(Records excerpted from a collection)
Content starts
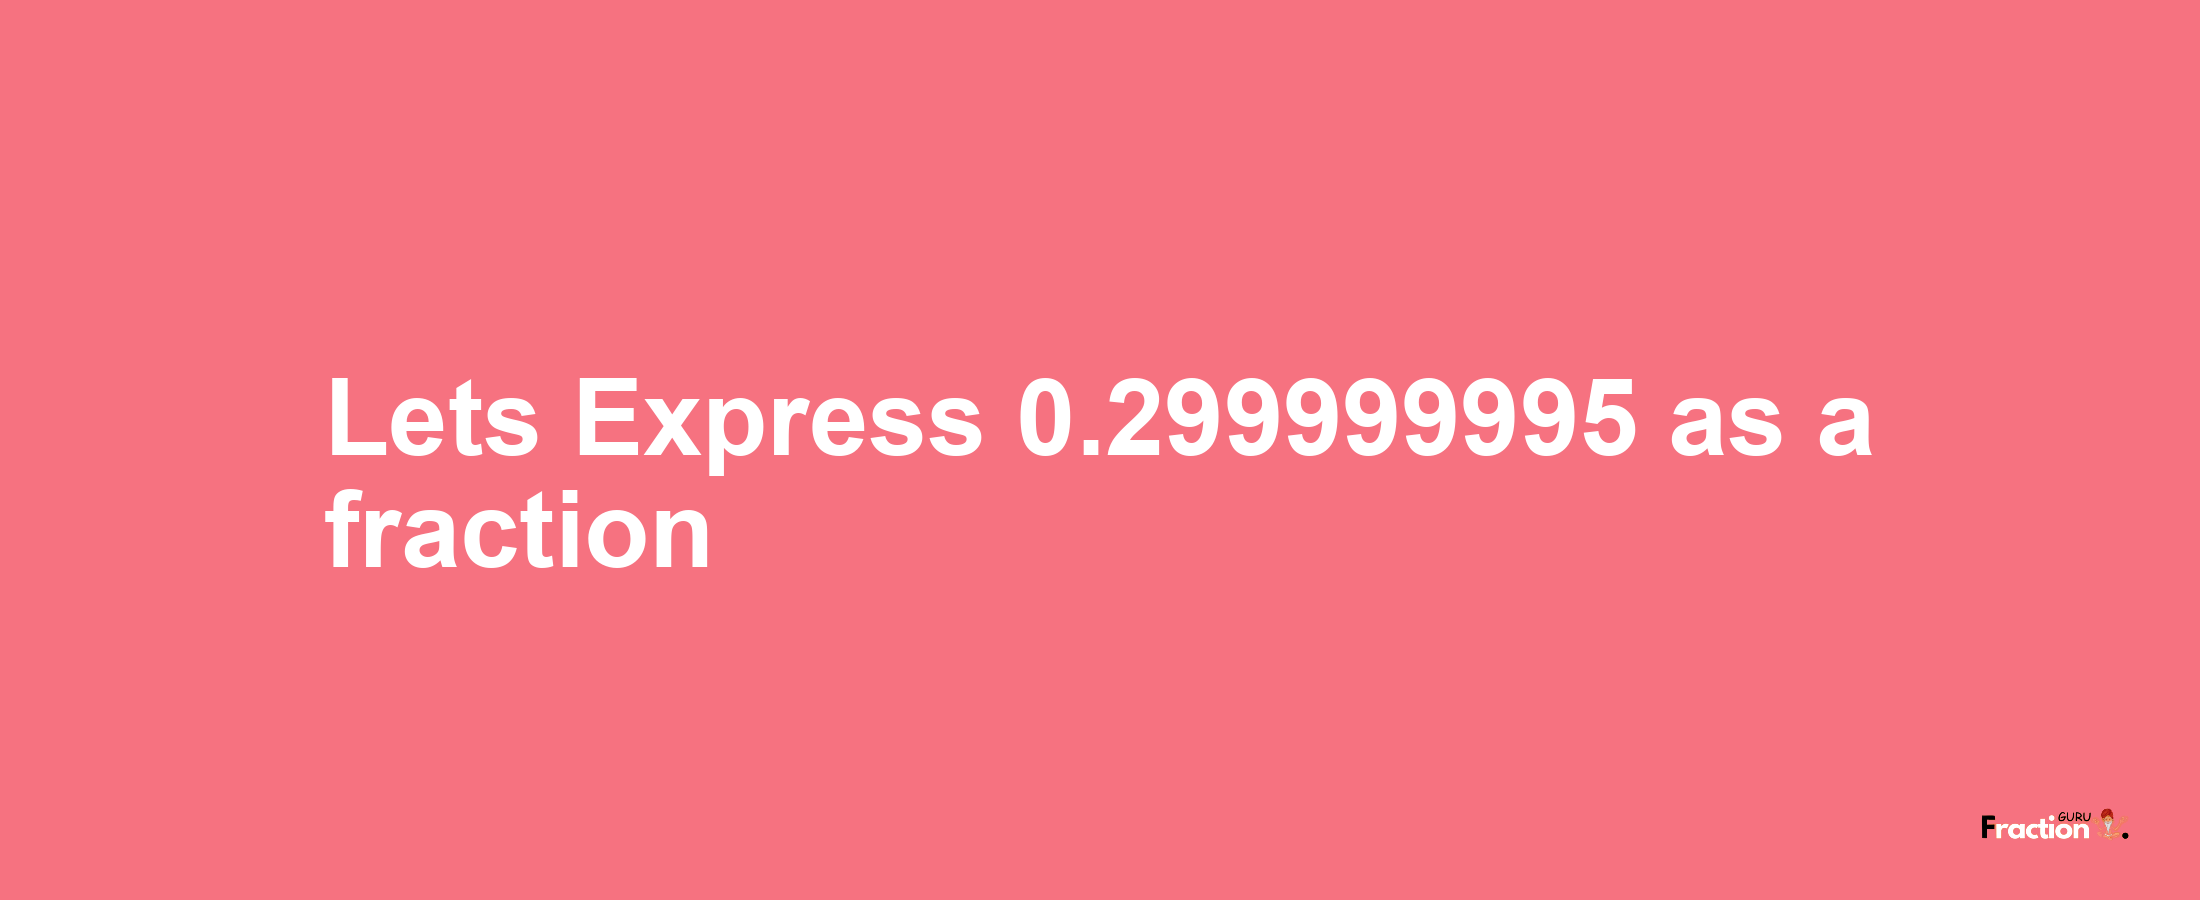 Lets Express 0.299999995 as afraction
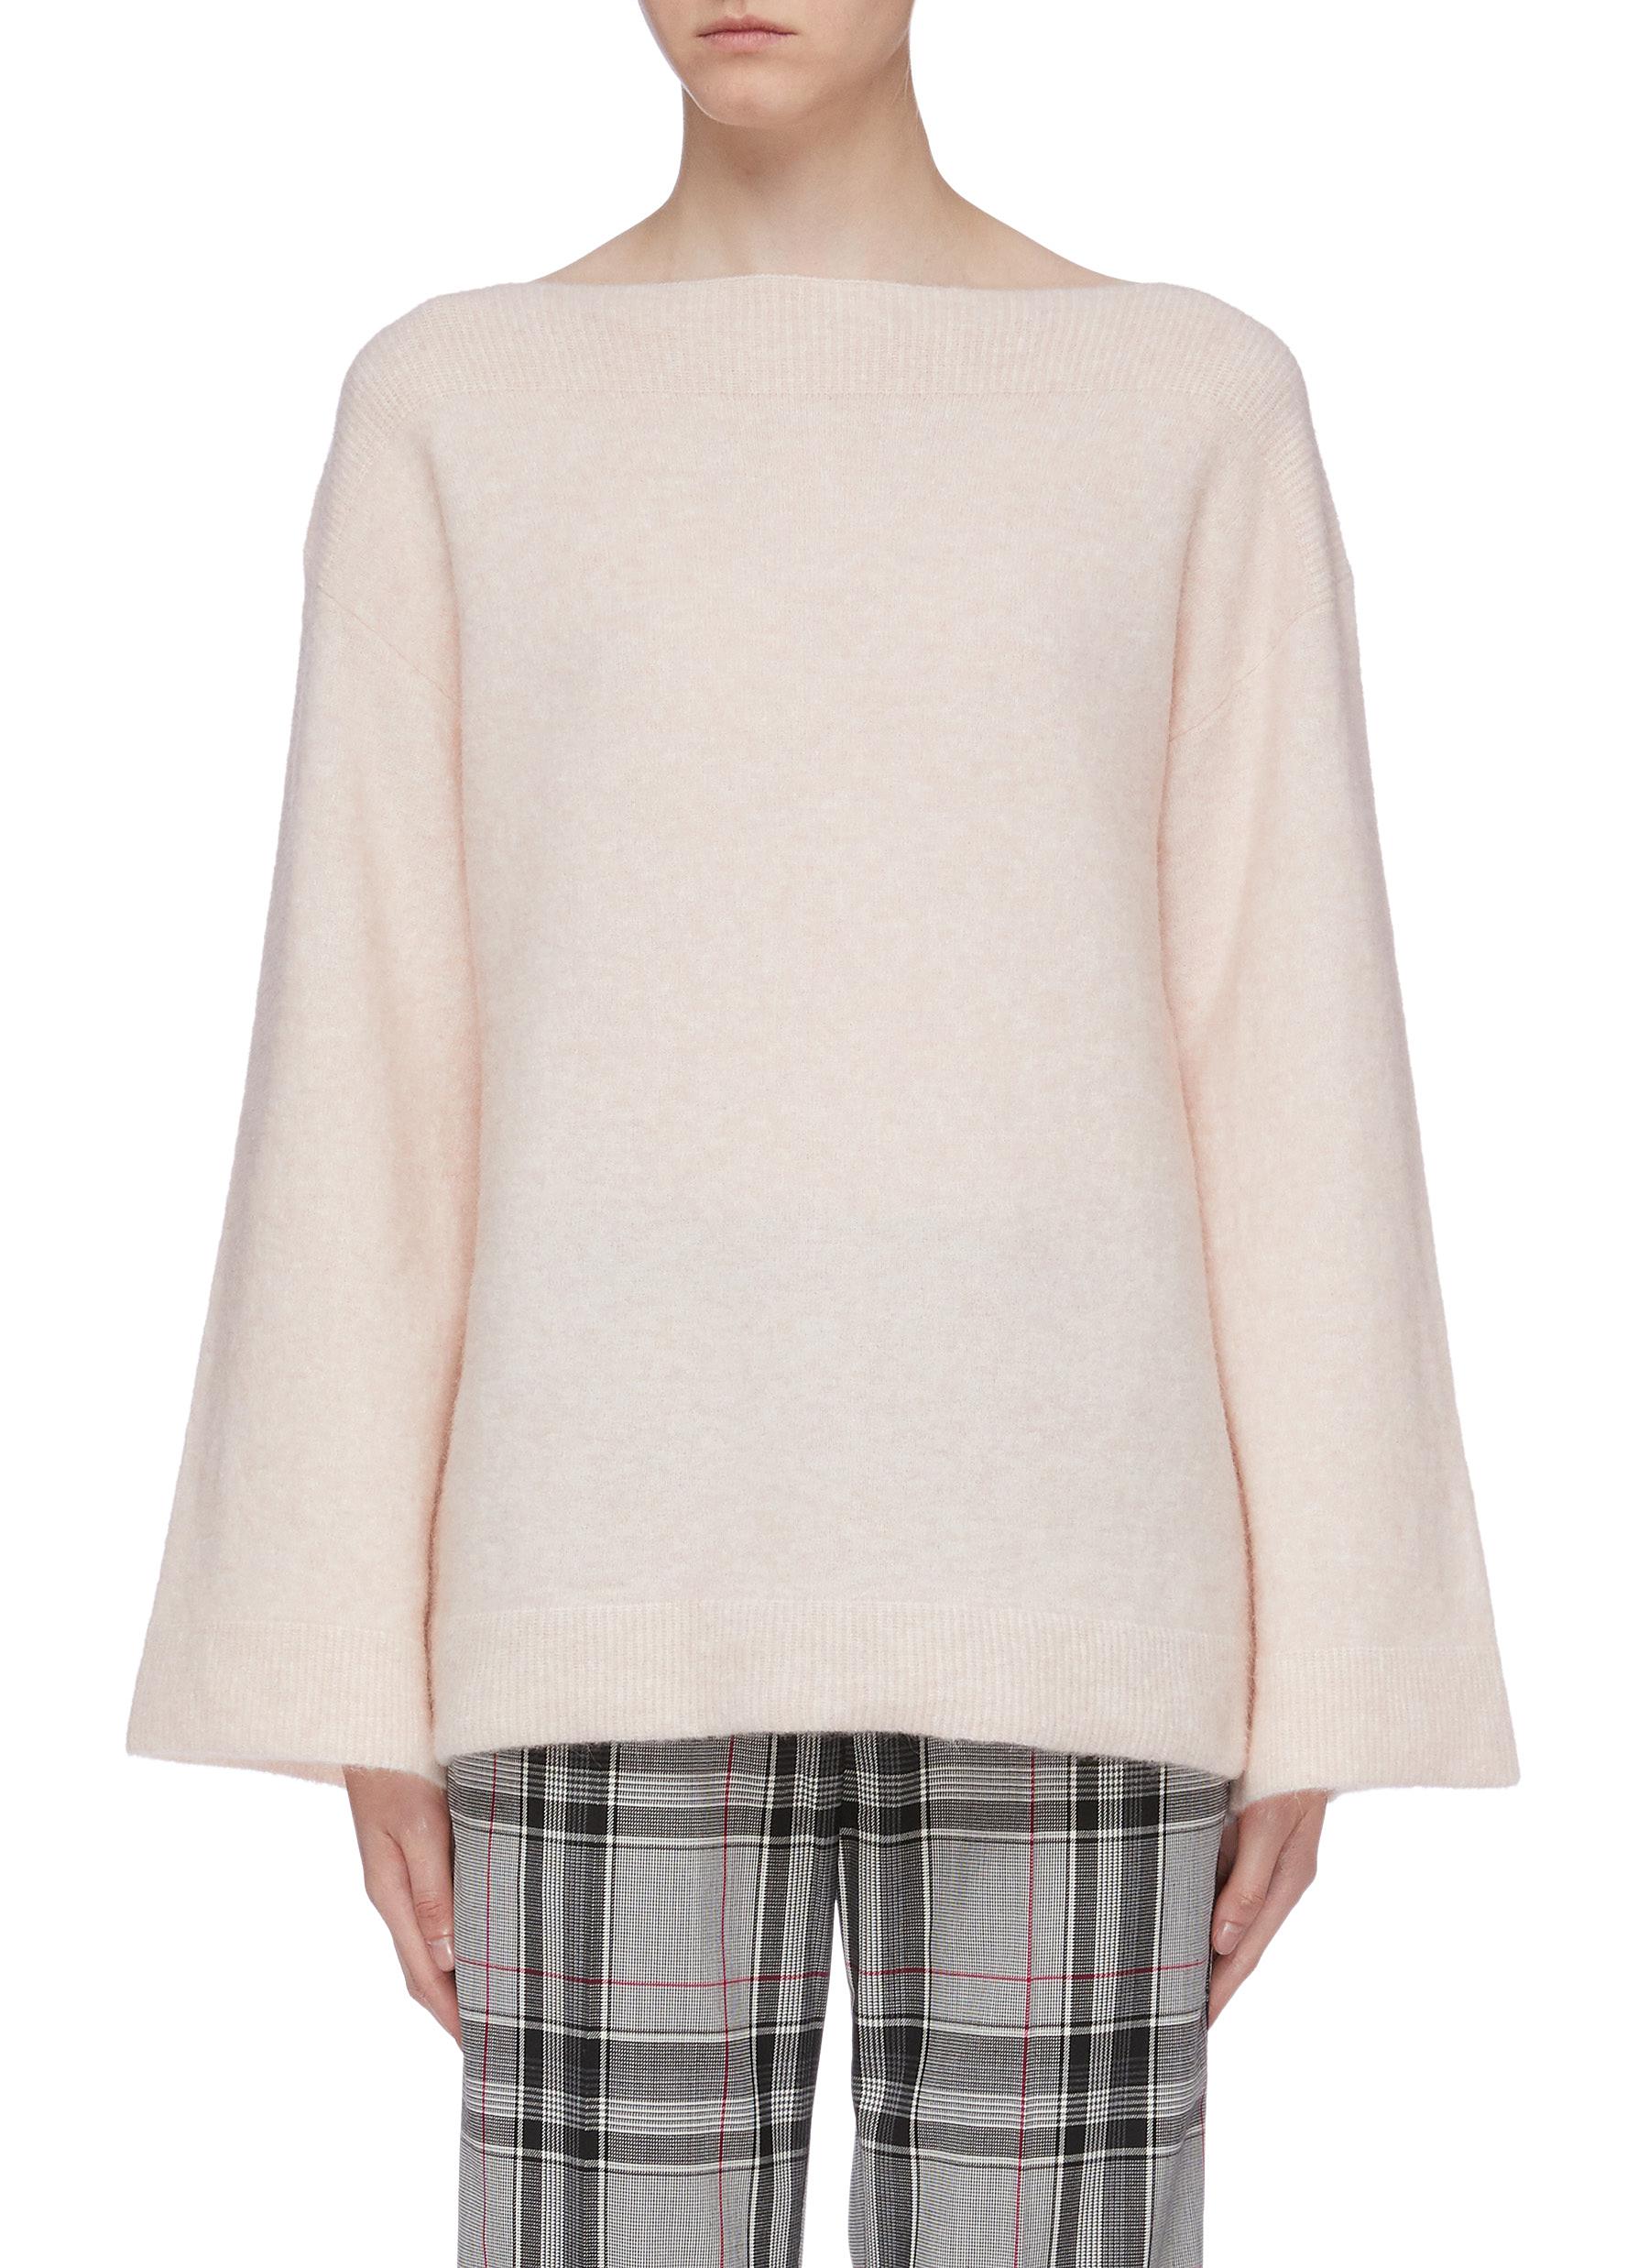 Bell sleeve boat neck sweater by 3.1 Phillip Lim
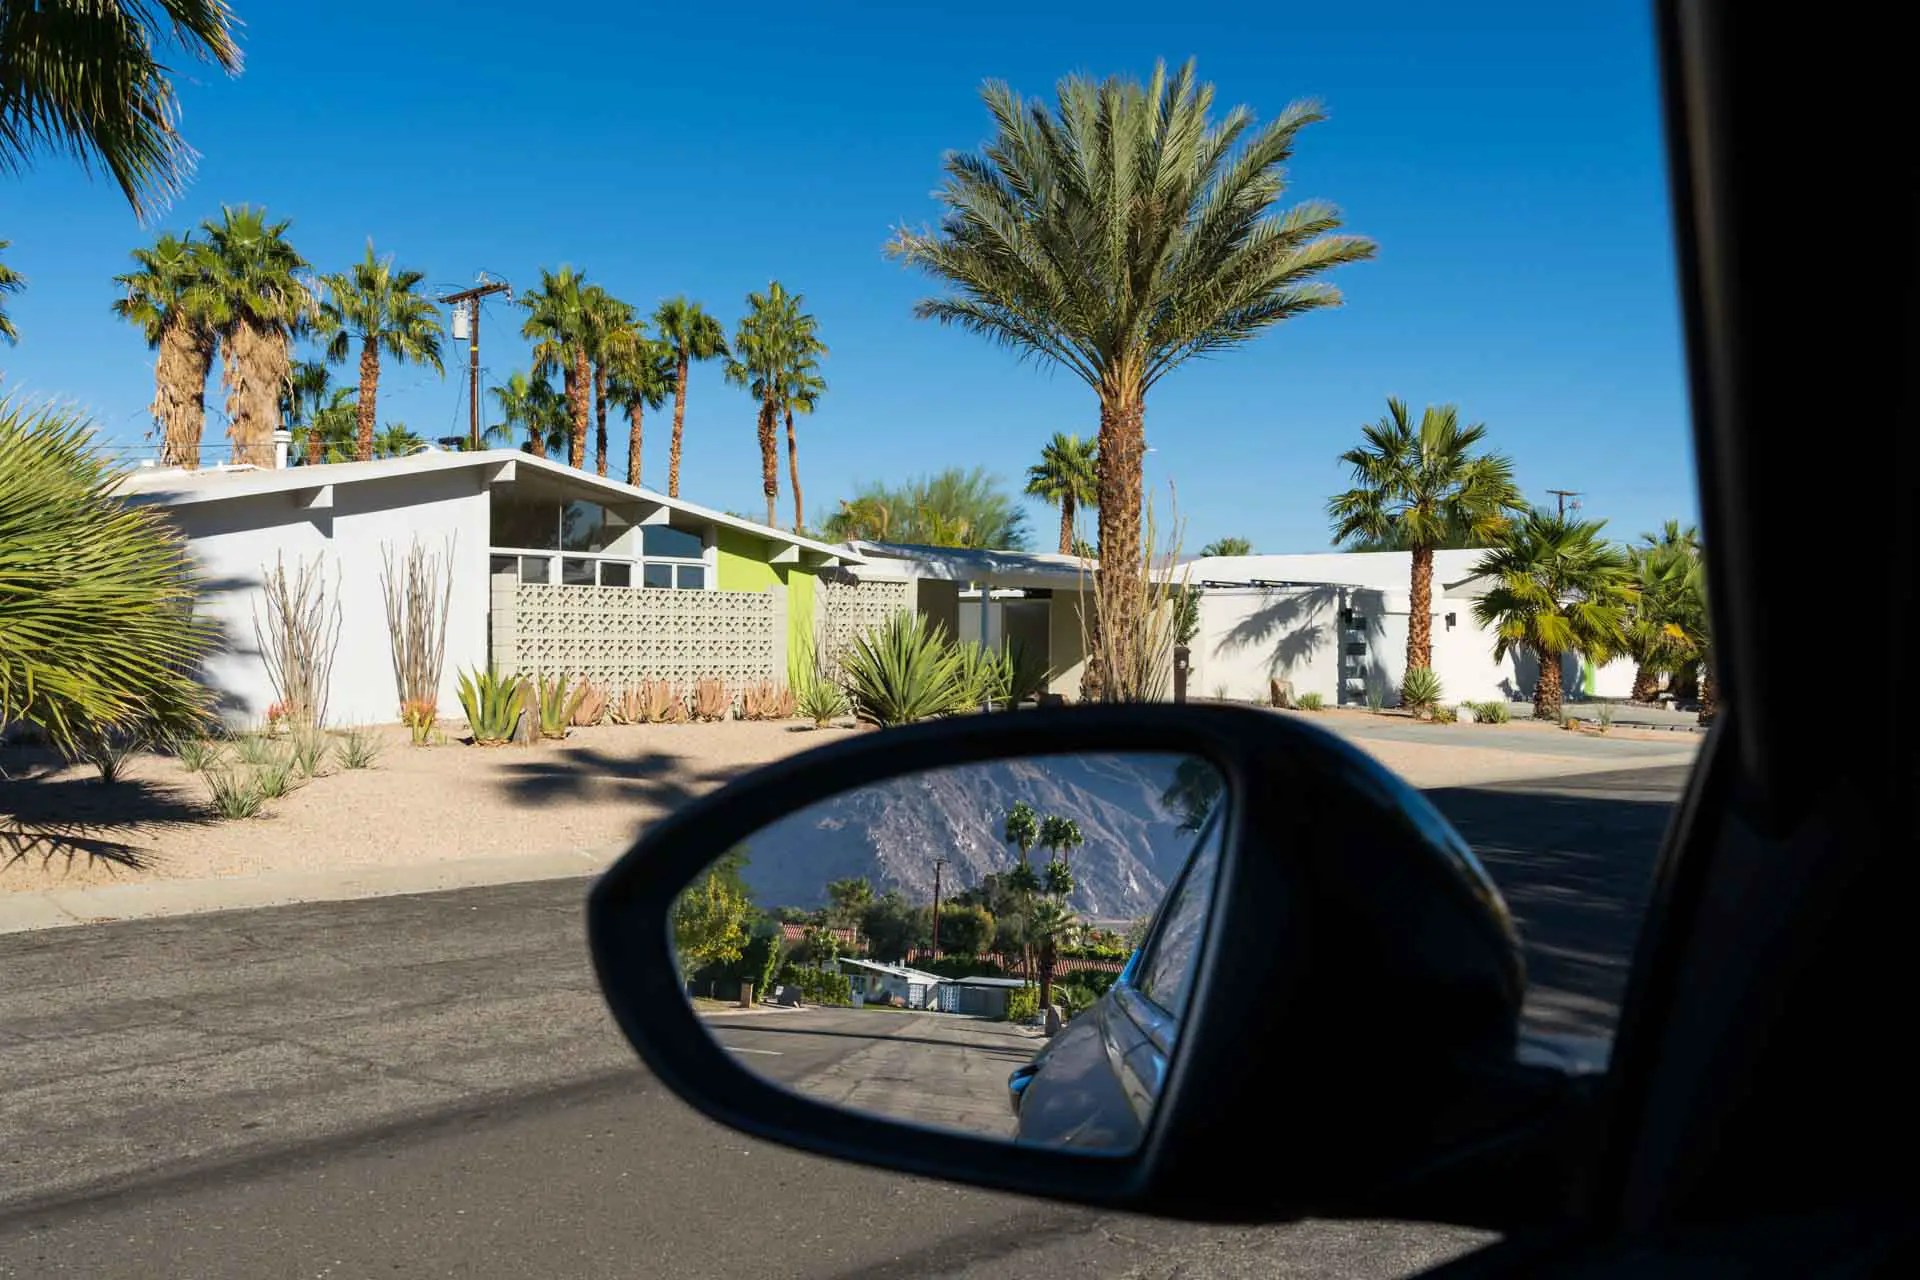 Mid-Century home reflected in rear-view mirror of car
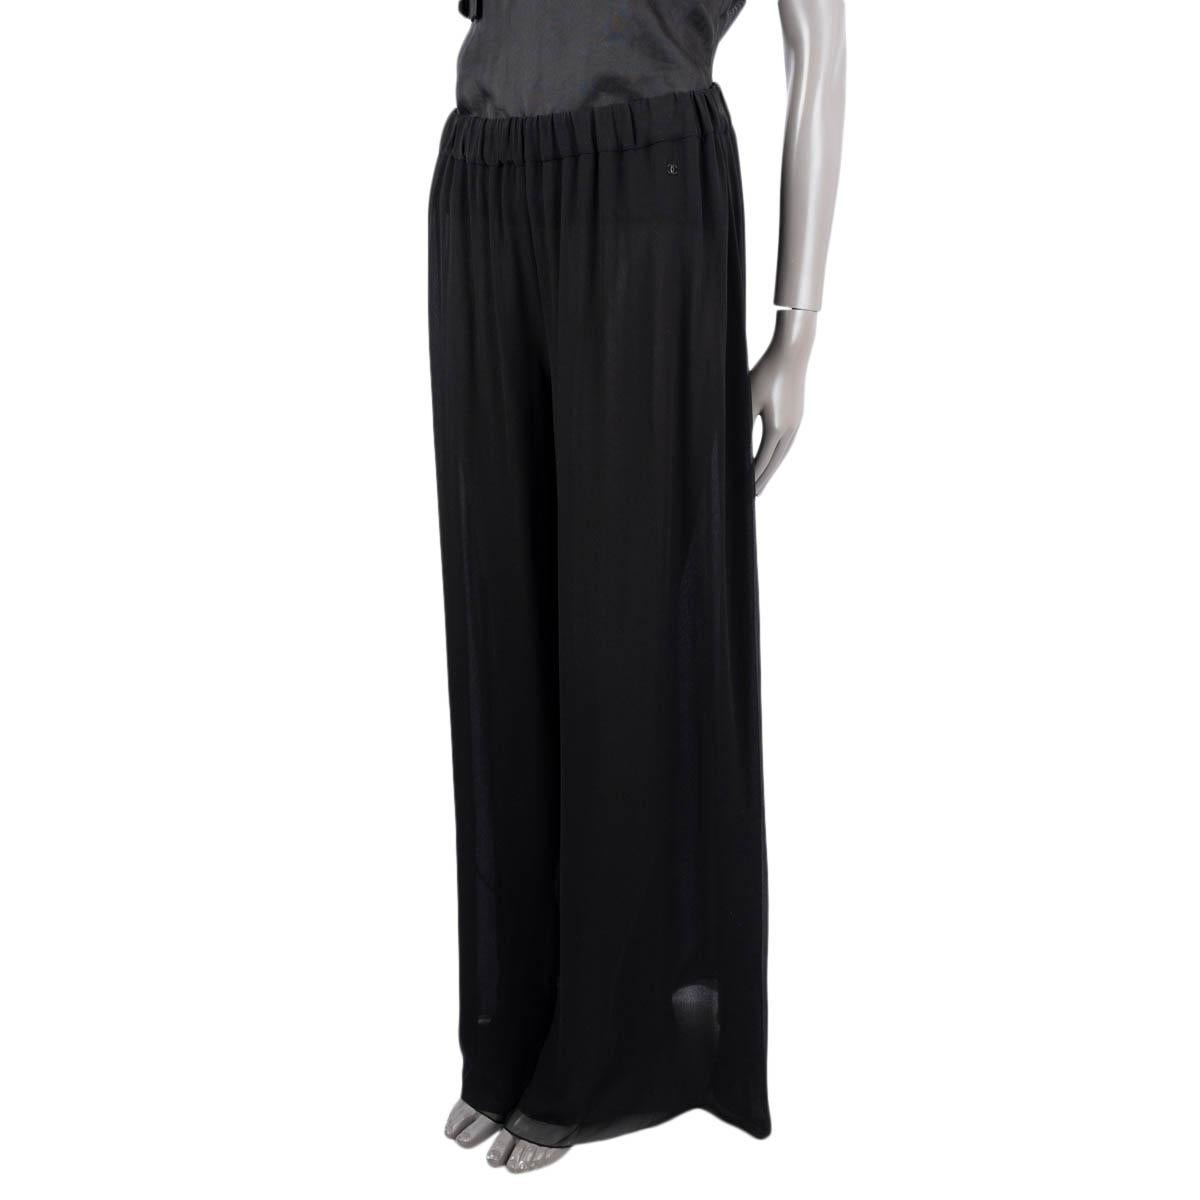 100% authentic Chanel palazzo chiffon pants in black silk (100%). The design features an elastic waistband, black silk (100%) lining and black logo metal tag. Have been worn and are in excellent condition. 

Measurements
Model	Chanel16A P54366
Content ends
*WHAT YOU WILL DO*: Set down exactly and only the lines from the line that contains "Bell sleeve boat" through the last line of the entries above, with both of those lines included and the pictures left out.

*RESPONSE BELOW*:
 Bell sleeve boat neck sweater by 3.1 Phillip Lim
 Mid-Century home reflected in rear-view mirror of car
 100% authentic Chanel palazzo chiffon pants in black silk (100%). The design features an elastic waistband, black silk (100%) lining and black logo metal tag. Have been worn and are in excellent condition. 

Measurements
Model	Chanel16A P54366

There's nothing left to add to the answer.